Models predicting the spatial distribution of species (Boyce and McDonald, 1999, Guisan and Zimmermann, 2000, Manly et al., 2002, Pearce and Boyce, 2006) – sometimes called resource selection function or habitat suitability models – are currently gaining interest. As they often help both in understanding species niche requirements and predicting species potential distribution, their use has been especially promoted to tackle conservation issues, such as managing species distribution, assessing ecological impacts of various factors (e.g. pollution, climate change), risk of biological invasions or endangered species management (Scott et al., 2002, Guisan and Thuiller, 2005). These models statistically relate field observations to a set of environmental variables, presumably reflecting some key factors of the niche, like climate, topography, geology or land-cover. They produce spatial predictions indicating the suitability of locations for a target species, community or biodiversity. Different types of modelling techniques are used to fit different types of biological information recorded at each sample site: (1) presence-only: occurrences of the target species are recorded; (2) presence/absence: each sample site is carefully monitored so as to assert with sufficient certainty whether the species is present or absent. With plants, for instance, it is commonly done by listing exhaustively all species present in each sample site. The reliability of absences depends on the species’ characteristics (e.g. biology, behaviour, history) (Hirzel et al., 2001), their local abundance and ease of detection (Kéry, 2002), and the survey design (Mackenzie and Royle, 2005). More rarely, data record information about species’ abundance or demography (e.g. growth rate, survival).

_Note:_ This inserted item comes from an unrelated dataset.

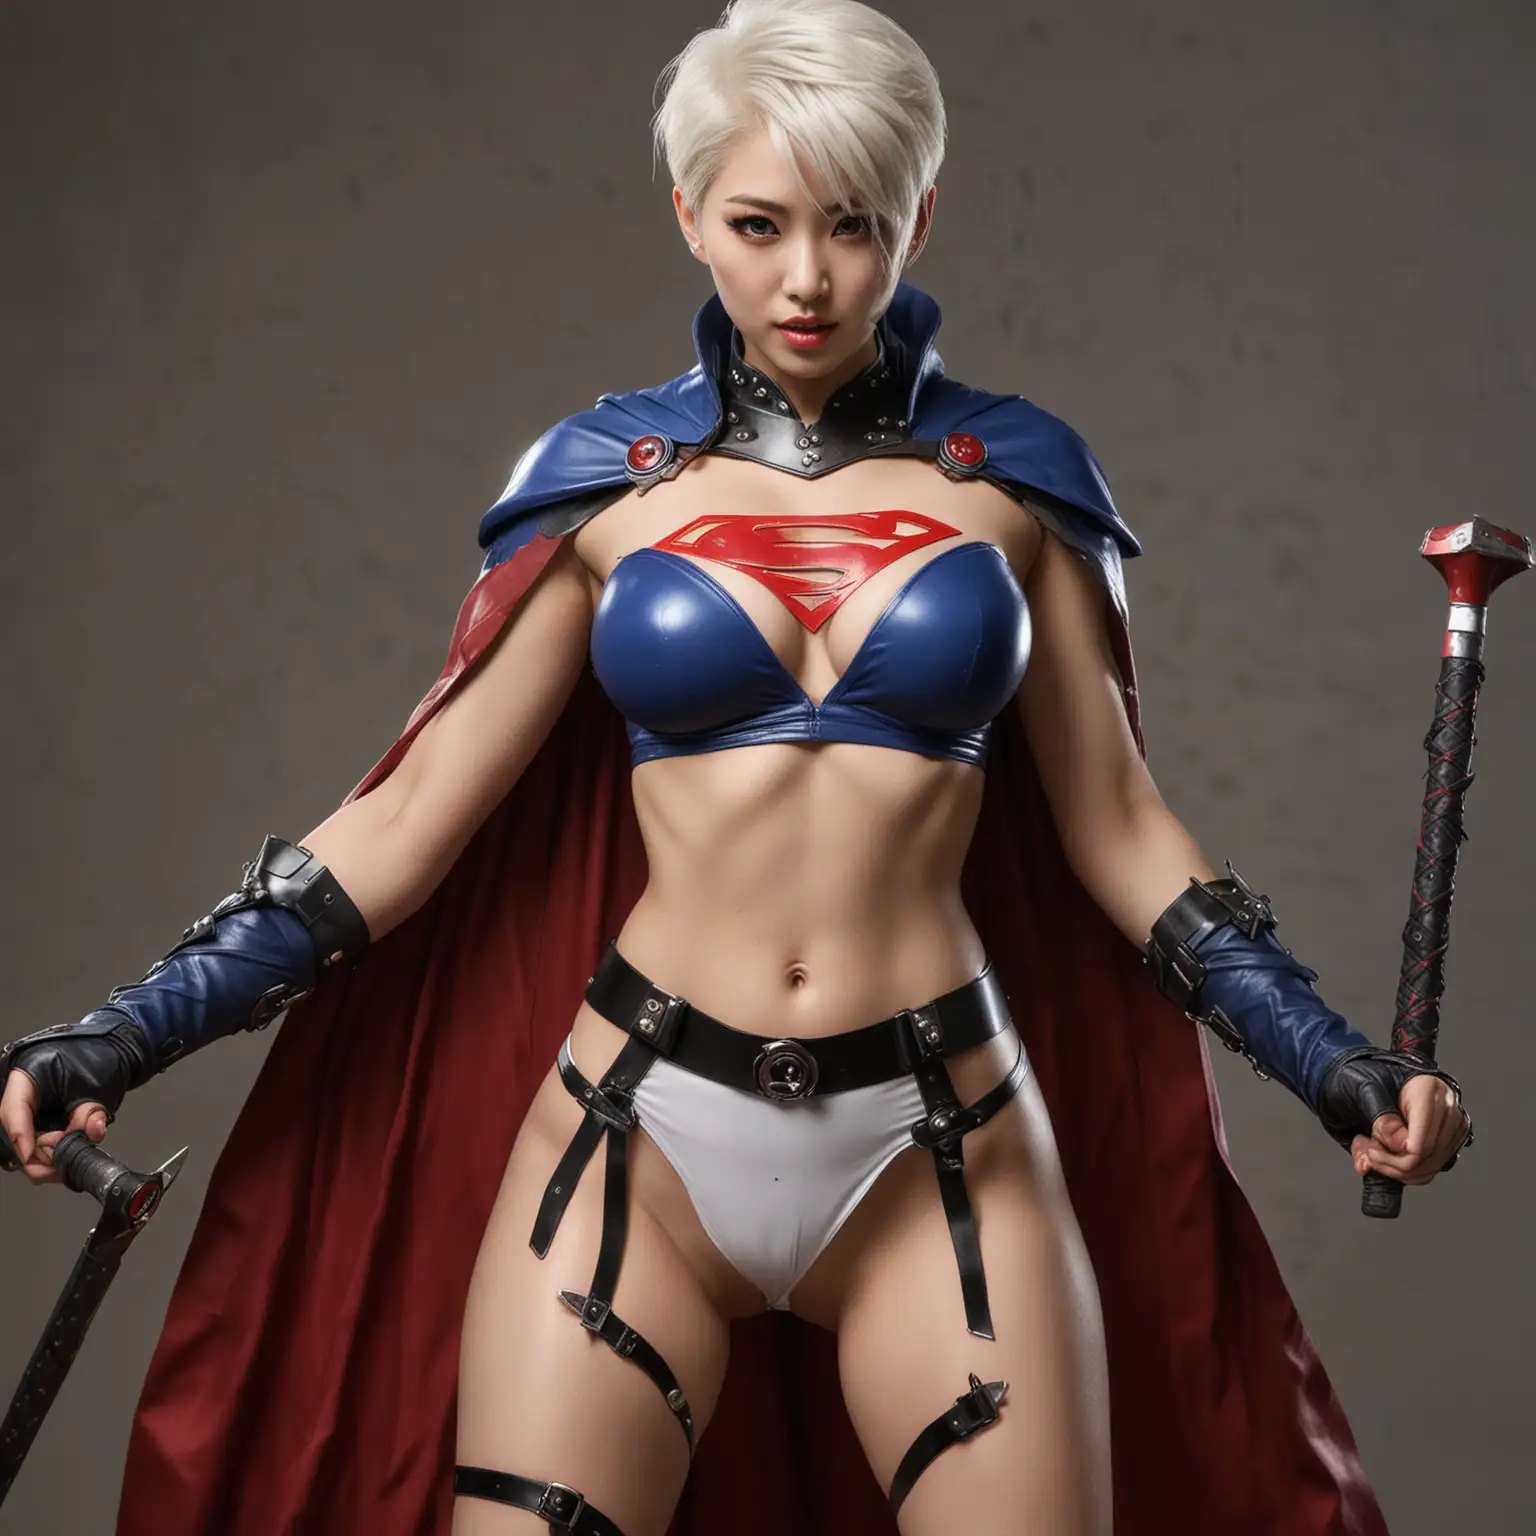 fighter korean supergirl large naked breasts lean body dominatrix panty and bra cape white short hair mohawk shield and warhammers eyepaint

Although models based on presence-only and presence/absence data provide the same kind of predictions (e.g. habitat suitability scores), they generally cannot use the same technique. This is because presence-only methods cannot contrast their predictions with the characteristics of places where the species is absent. This partly explains why presence/absence methods have known a greater development. These differences, and the lack of absences, make comparison of the two model types difficult (Zaniewski et al., 2002).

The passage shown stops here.